En El árbol de la vida ya ha renunciado a su muy liviano interés por la narrativa en posesión de un orden, por una sucesión de cosas con principio, desarrollo y final. Si existe algo enemistado con el análisis, un género que capta exclusivamente sensaciones y que ofrece múltiples interpretaciones al gusto de cada lector, es la poesía. Y Terrence Malick la crea en cada plano y en cada sonido, en la atmósfera, en lo que muestra y en lo que sugiere, en el detallismo y en la evocación, en lo palpable y en lo etéreo.
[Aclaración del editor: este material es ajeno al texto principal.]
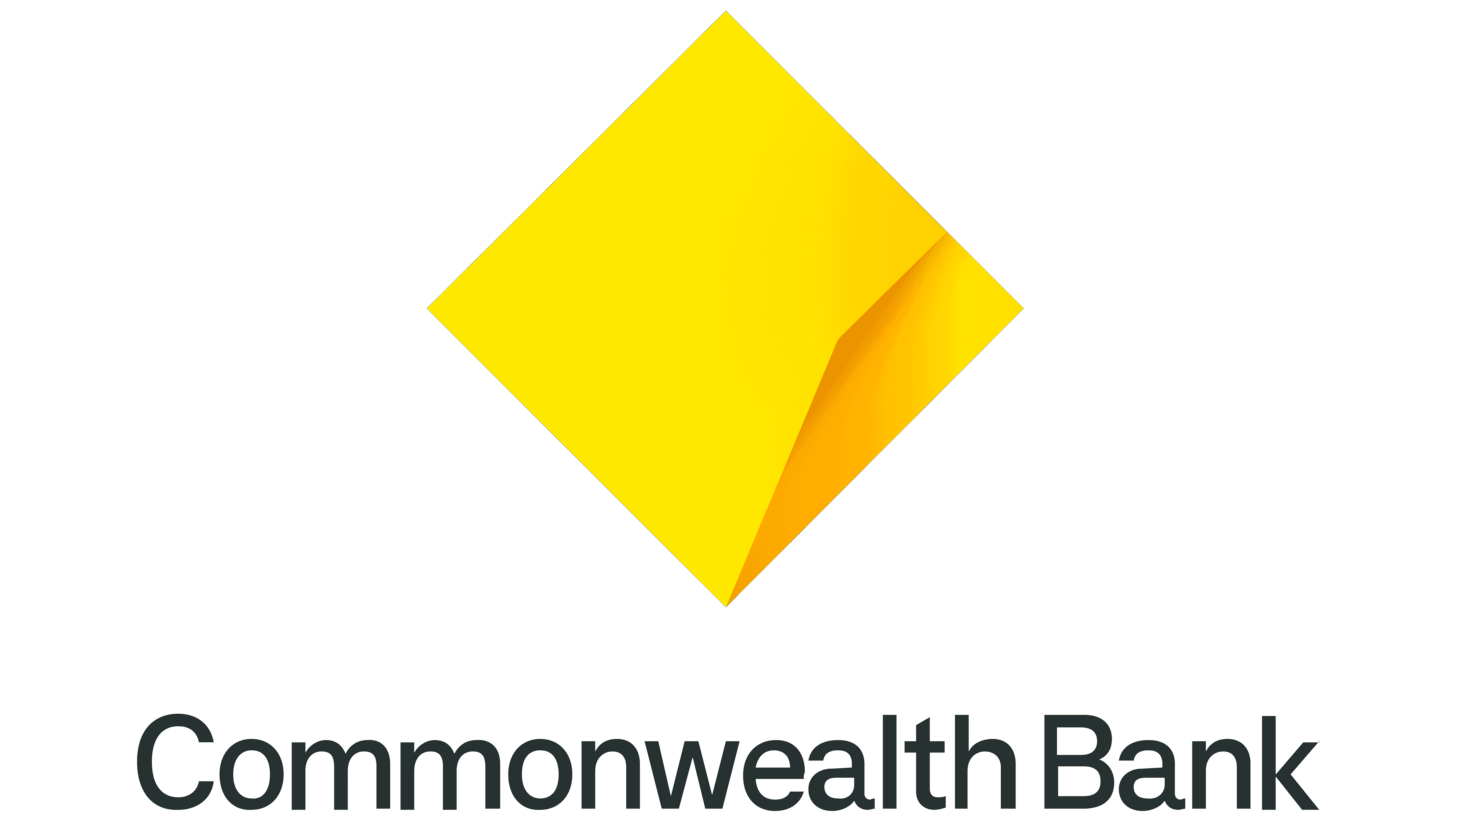 Commonwealth bank sign 2020 present

Admitiendo su innegociable vocación de juglar, hay tanta densidad en El árbol de la vida que a veces me pierdo y en otras ocasiones me conmueve. La media hora inicial la veo en estado de hipnosis aunque me resulte difícil saber de qué está hablando. Creo que del nacimiento del mundo. Esa catarata de imágenes retratando la naturaleza, olas, cascadas, volcanes en erupción, meteoritos que se dirigen a planetas y dinosaurios que acampan plácidamente en los ríos, tienen el aroma de los grandes documentales sobre las maravillas de la tierra, pero estoy deseando que aparezcan seres humanos, que me entere de cuál es la relación de lo que veo con la futura historia. Y cuando llega esa historia está retratada de forma deslumbrante.
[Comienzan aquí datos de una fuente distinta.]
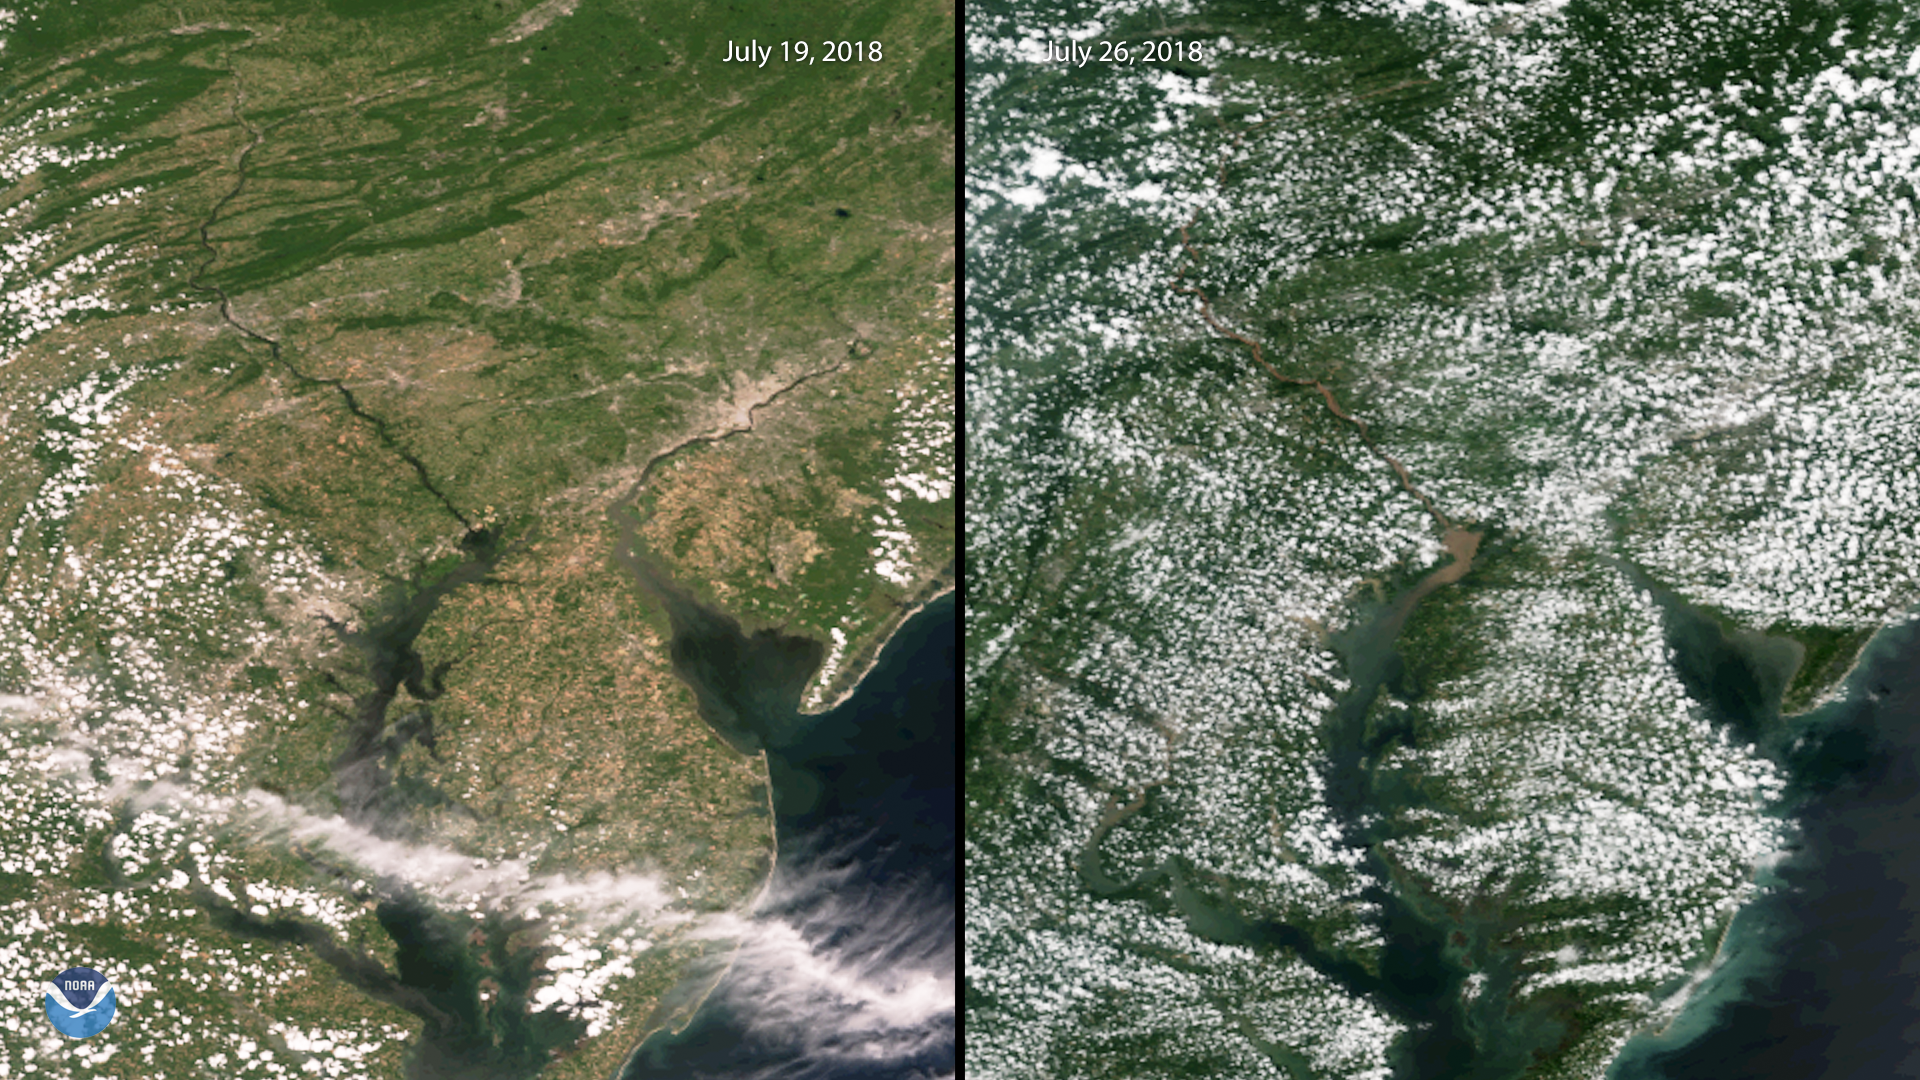 A side-by-side comparison of two images of the Chesapeake Bay, taken two weeks apart in July 2018. In the first, the Bay is deep blue and clear of sediment. In the second image, the mouth of the Bay and the river that feeds it are opaque brown, indicating the presence of large amounts of sediment.

La protagonizan un matrimonio y sus tres críos. El padre es tan honrado como autoritario, la madre es pura vida y generosidad. Pero lo más hermoso es cómo está captado el mundo de la infancia, todas esas cosas que marcarán la personalidad adulta. Malick se inventa un lenguaje de artista superior para hablar de la iniciación, del descubrimiento permanente. Su prodigiosa cámara recrea juegos, estados de ánimo, miedos, visiones, enigmas, amores, paisajes, libertad, asombro, dudas, olores, revelaciones que te acompañarán toda tu vida y la lacerante nostalgia de haber vivido alguna vez en un paraíso que se ha perdido. Las relaciones de estos niños entre ellos, con su padres, con las personas y las cosas, con la naturaleza, con los milagros cotidianos, poseen la cadencia, la complejidad, el poder de evocación y la magia de los mejores poemas.
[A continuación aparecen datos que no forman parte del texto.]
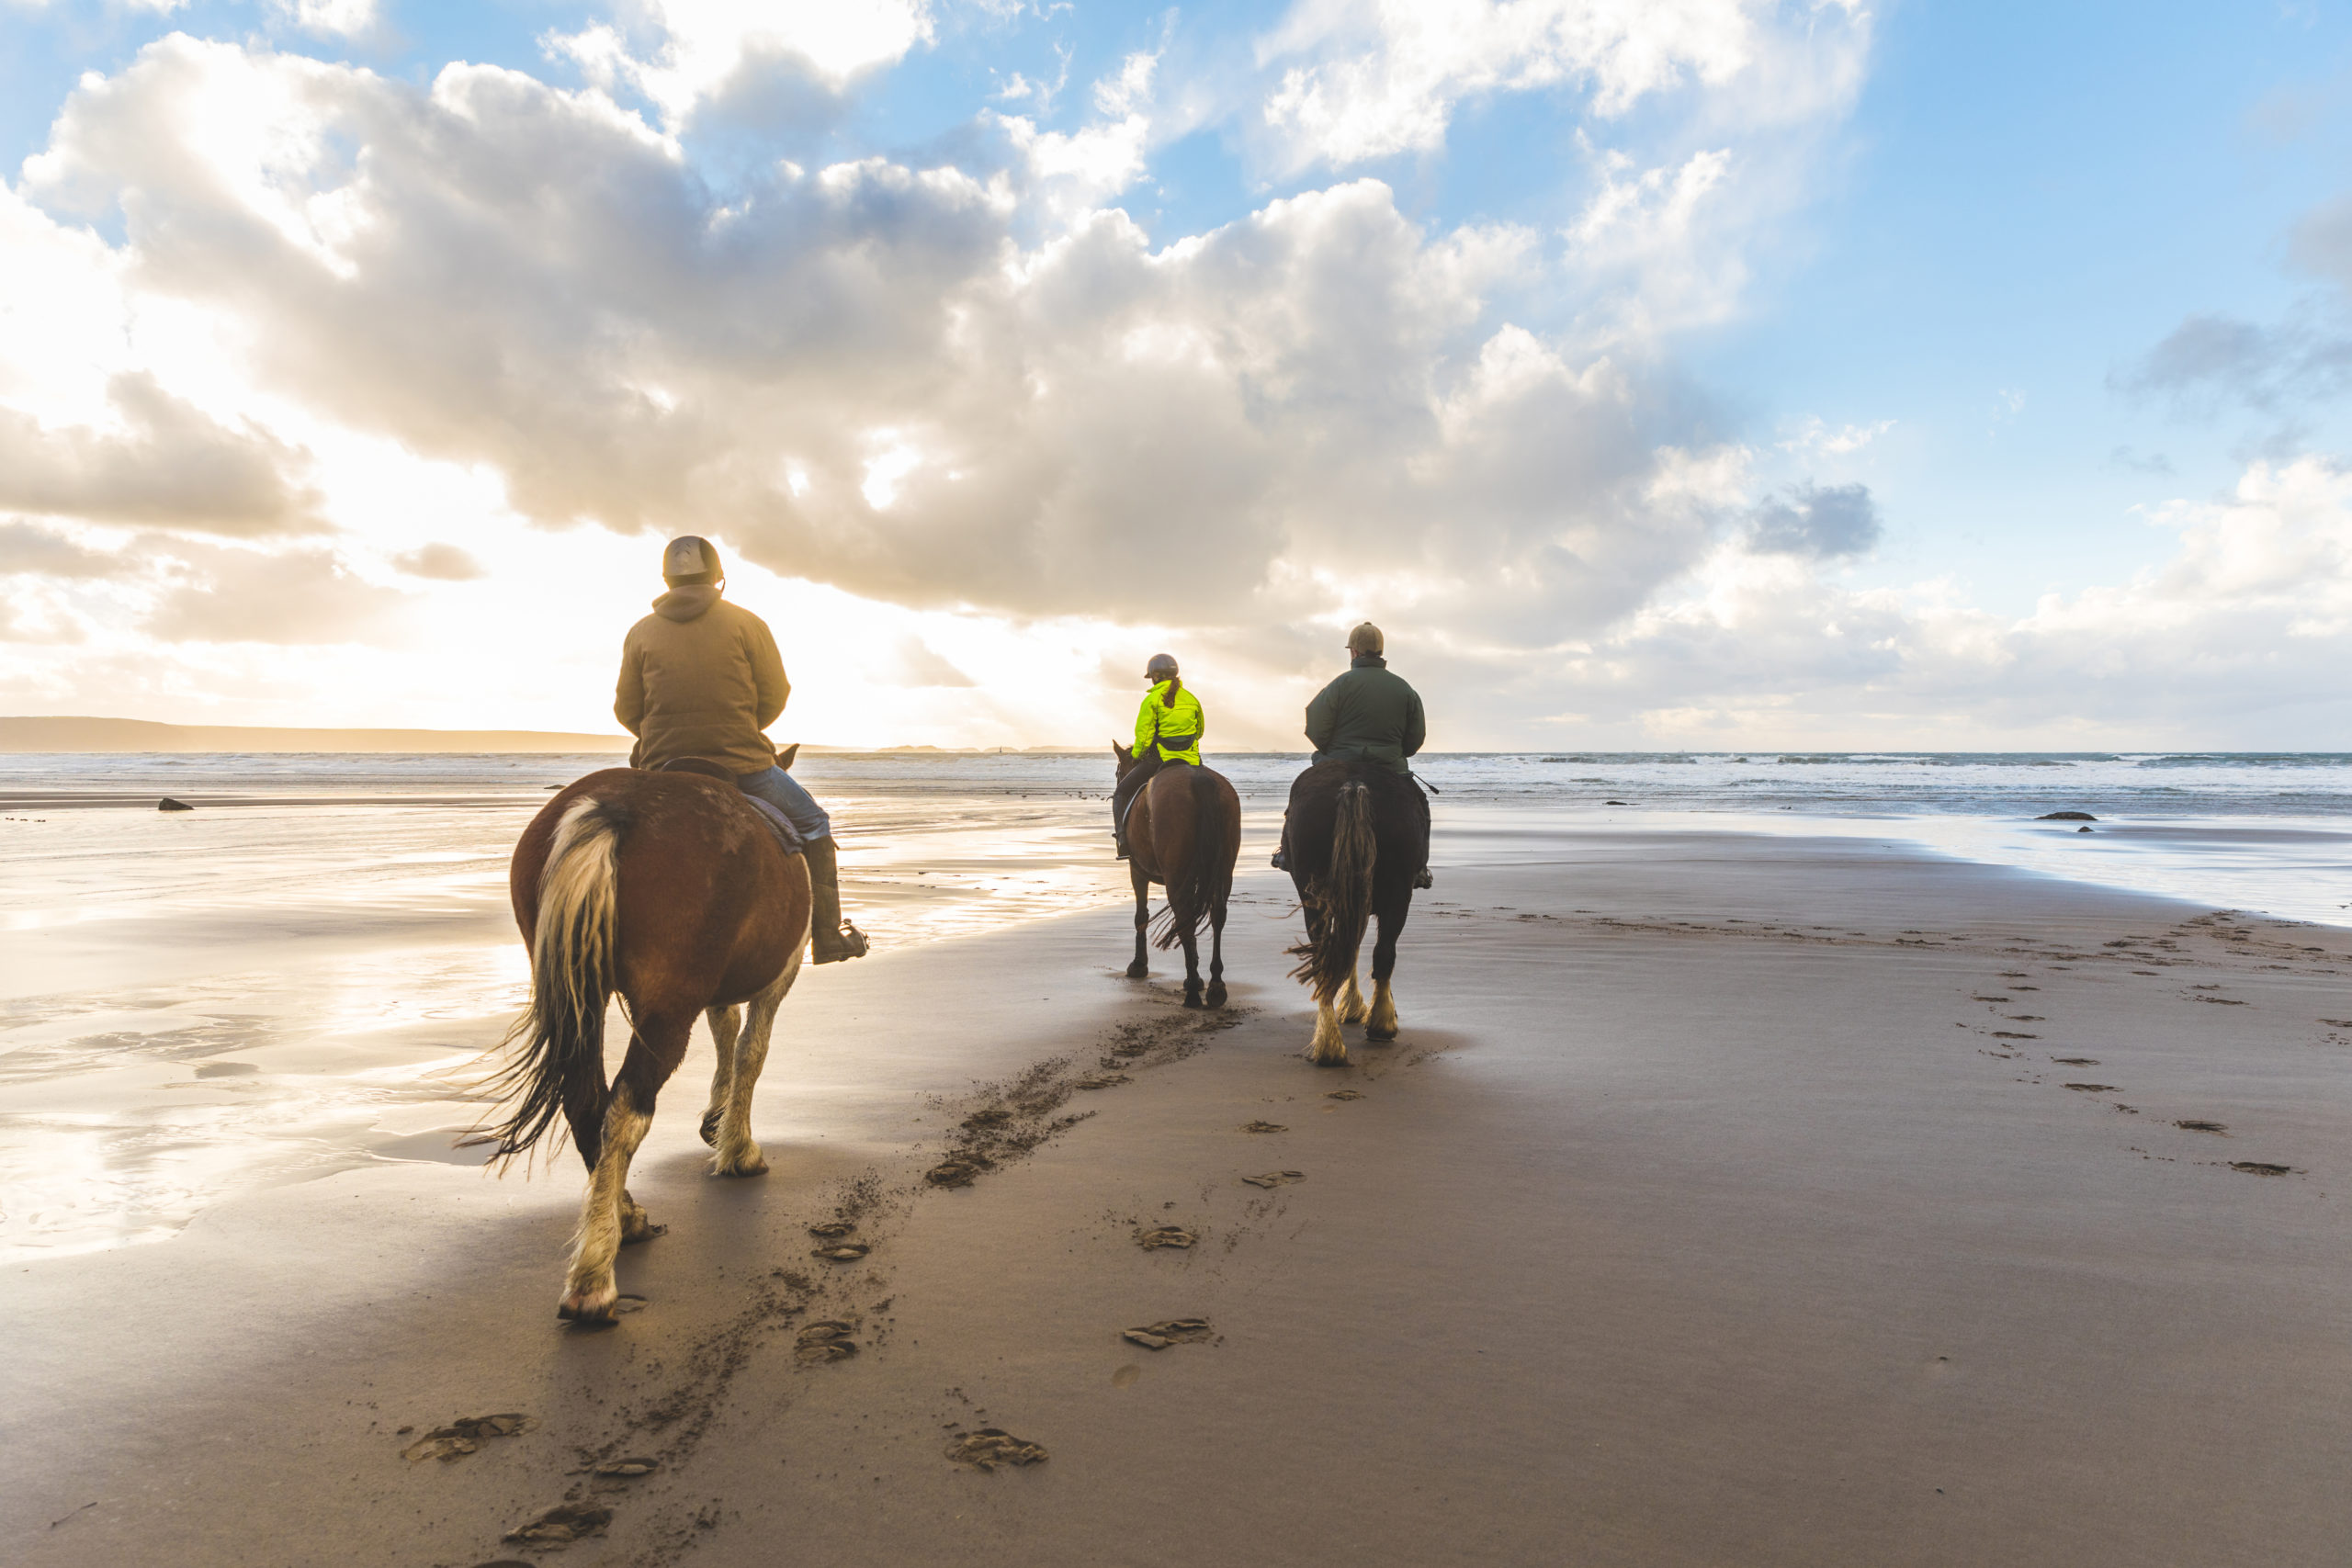 People horse riding on the beach

Entre estos críos también aparece la odiosa muerte. Toda la parte final se recrea en el metafísico anhelo de uno de los hermanos, que ya ronda la cincuentena, por recobrar en medio de paisajes que remiten a los sueños al hermano muerto, a ese padre con el que hubo tanto amor como desencuentros y violencia, a esa familia sepultada. Y al igual que en el arranque vuelvo a perderme entre tanta transmutación de las almas, en medio de una espiritualidad que me acaba abrumando. Las cosas que me gustan en esta película son muchas e inolvidables, pero las que no comprendo, a pesar de su intensidad, me distancian y me cansan. Entiendes las razones de que el aquí admirable Brad Pitt, o Sean Penn en un papel breve, o el exquisito director de fotografía Emmanuel Lubezki, o el músico Alexandre Desplat sepan que es un honor ayudar a la transmisión del mundo de Terrence Malick. Es un autor que no se parece a ningún otro. En sus virtudes y en sus defectos.